YOUR OBJECTIVE:
From the line that contains "Woman with Gun Tattoos" down to the final line below, please repeat each line exactly and nothing more, with no pictures.

DATA:
——————
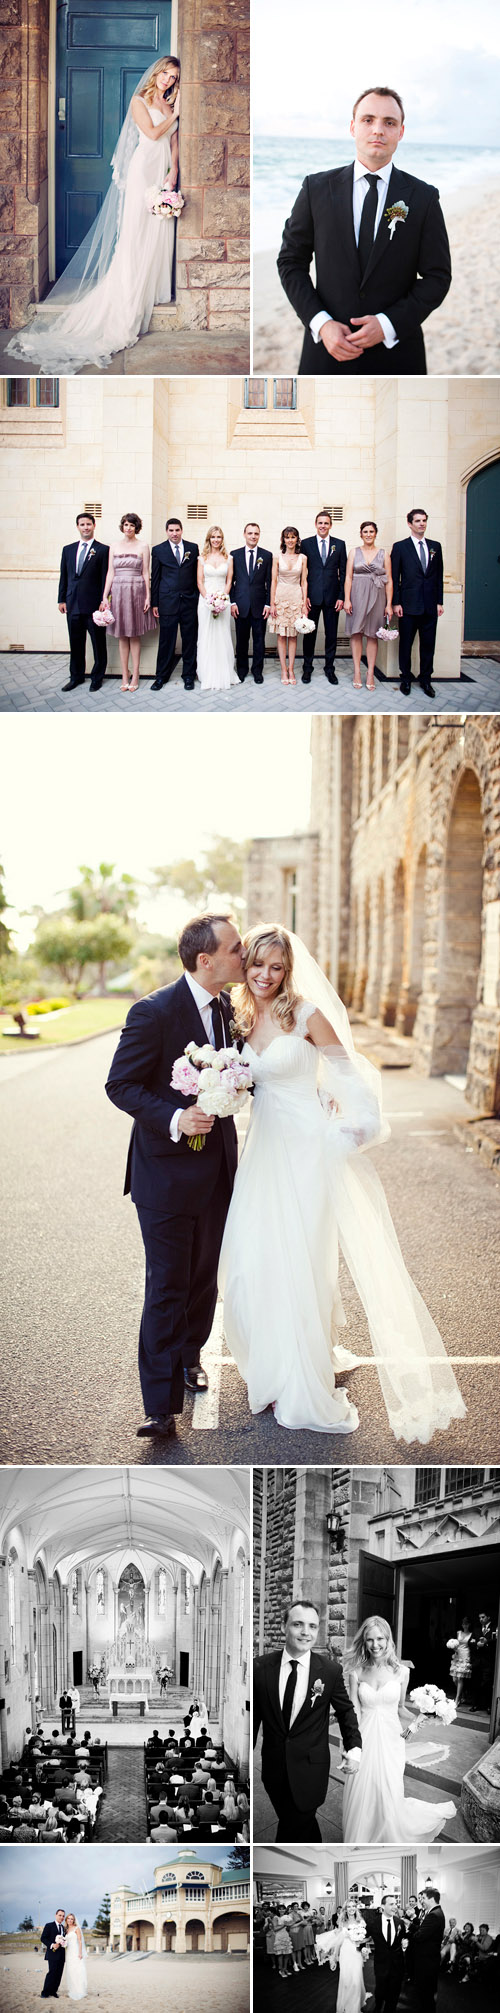 blush pink, ivory and gray spring Australian beach wedding, photos by Natasja Kremers Photography
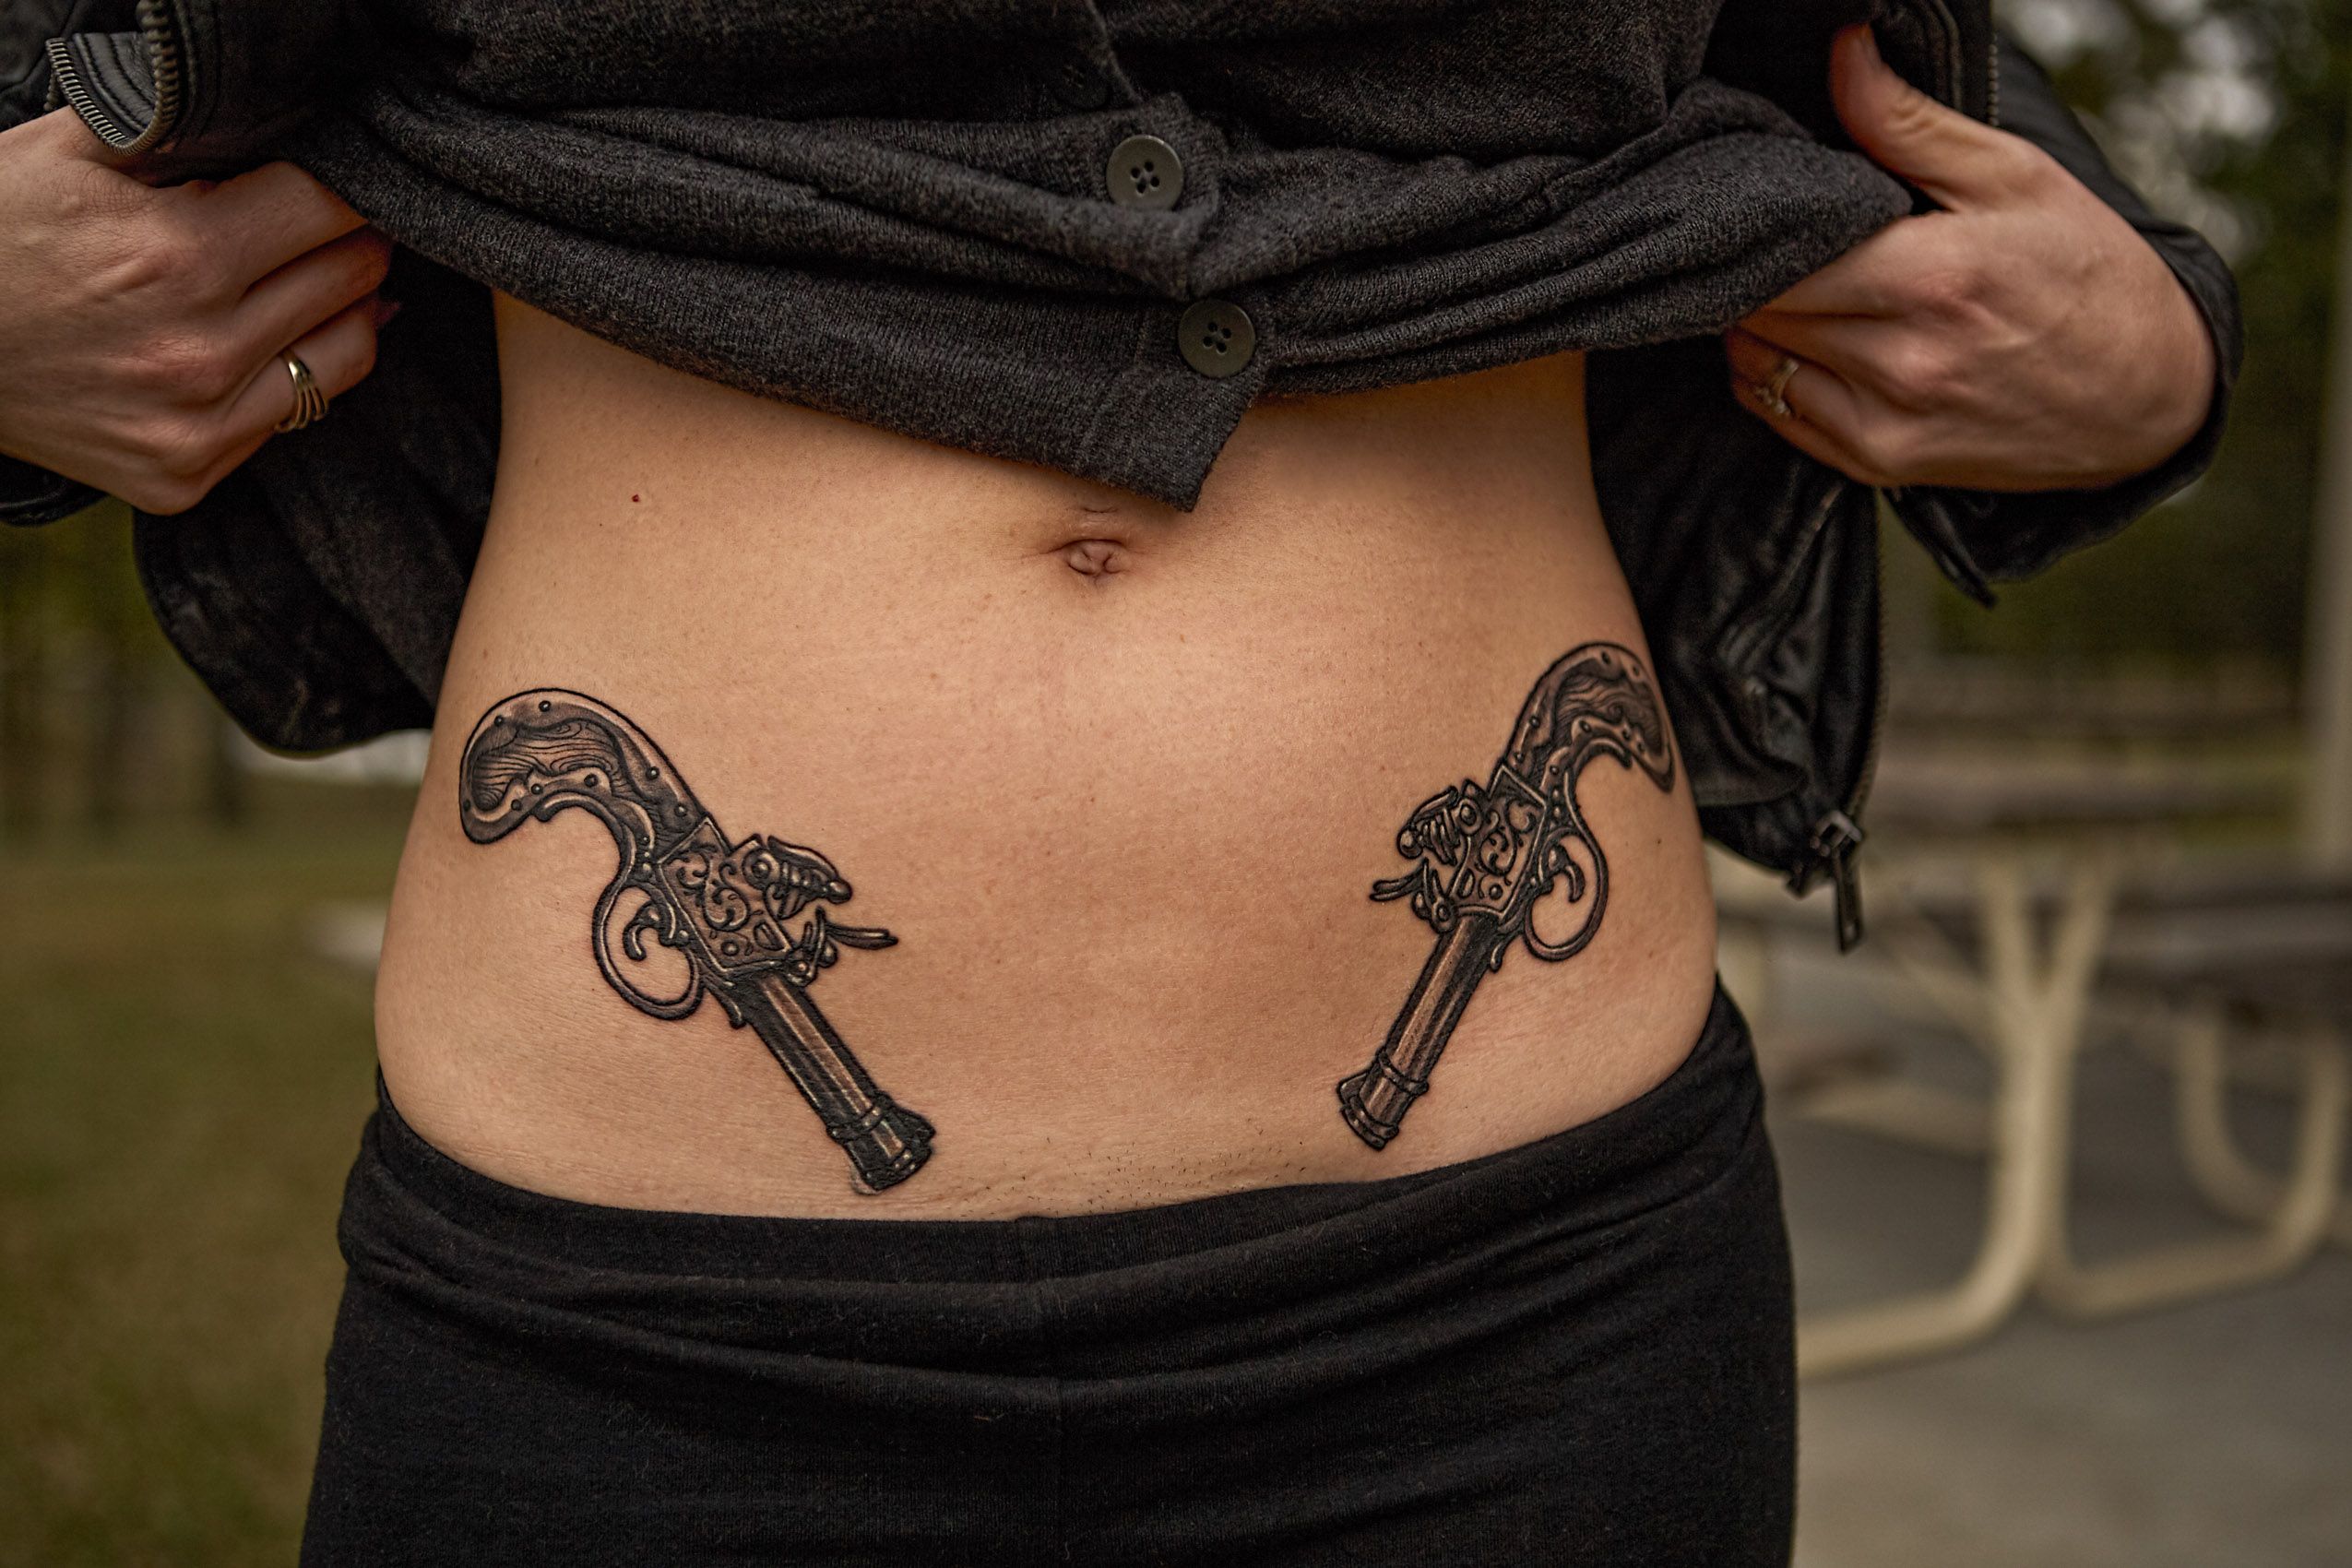 Woman with Gun Tattoos
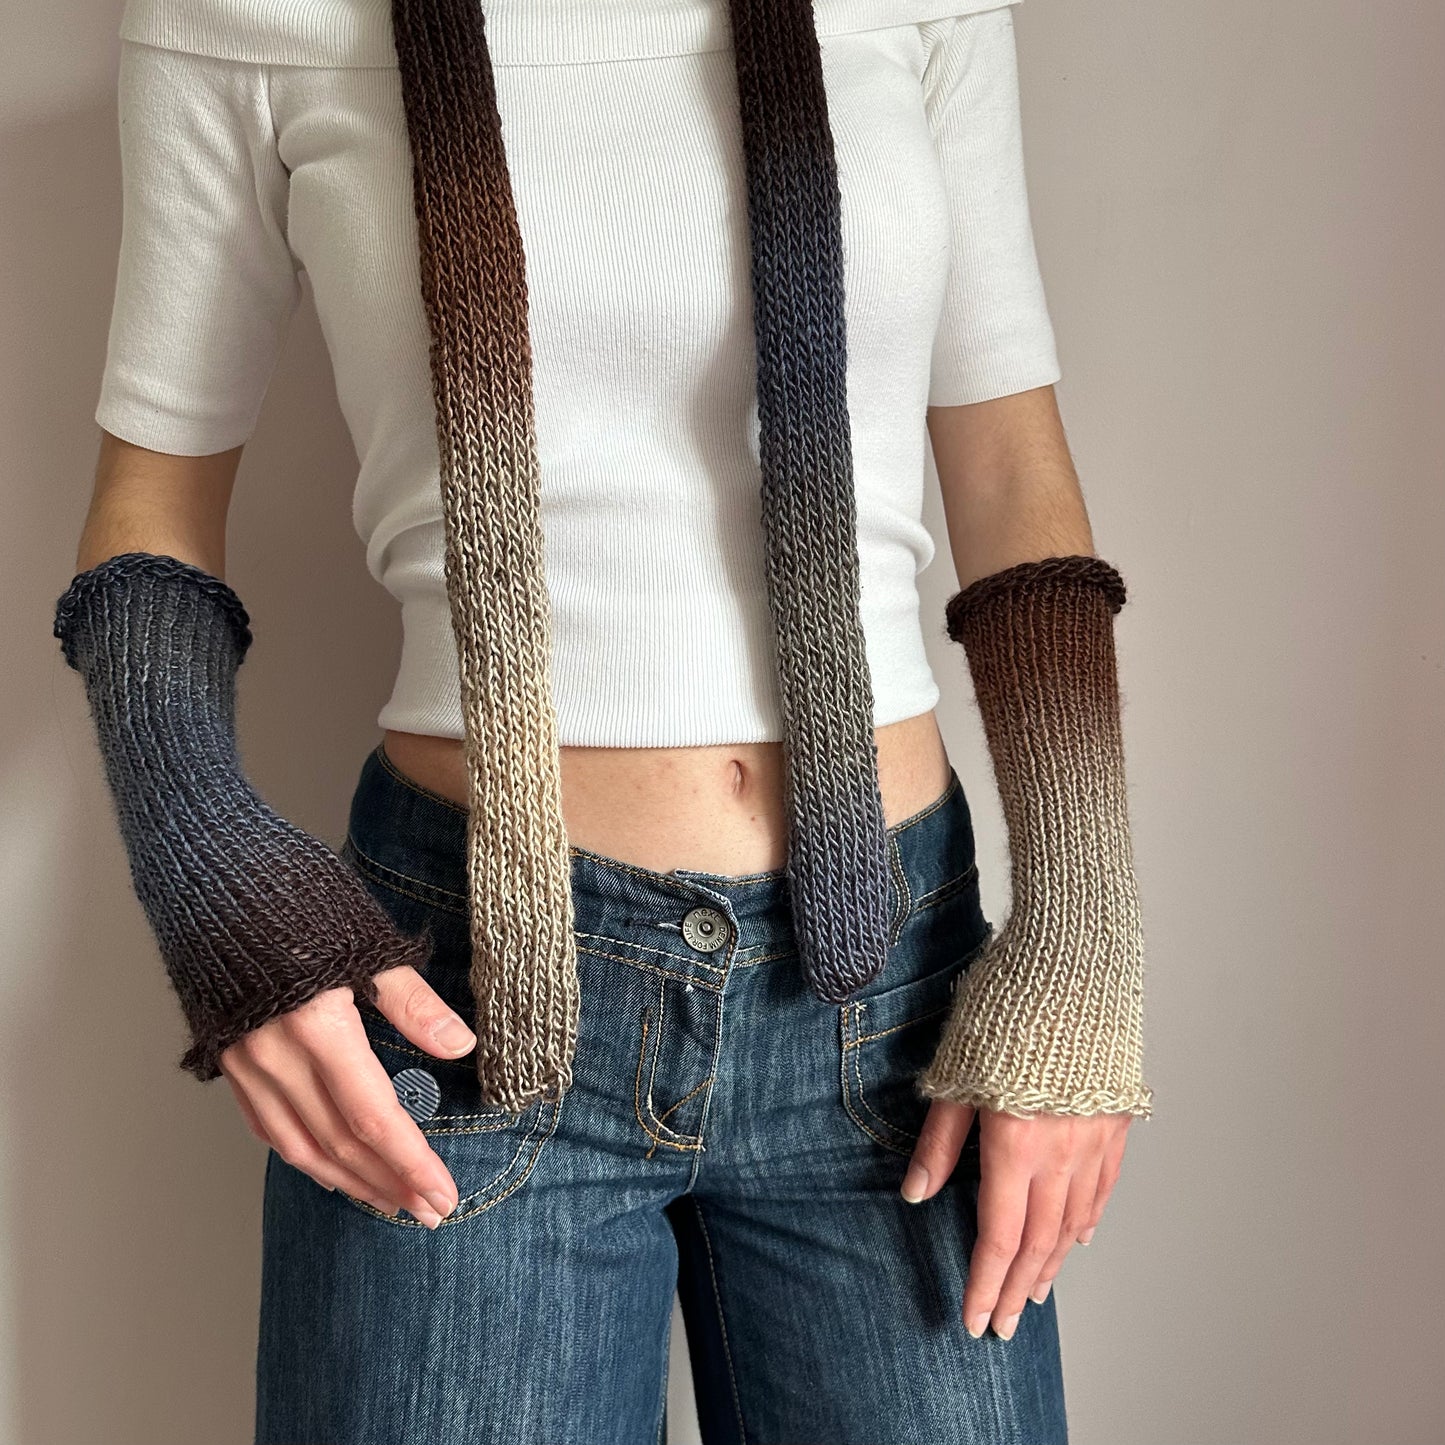 Handmade Seashell ombré knitted arm warmers
——————
SOLUTION:
 Woman with Gun Tattoos
 Handmade Seashell ombré knitted arm warmers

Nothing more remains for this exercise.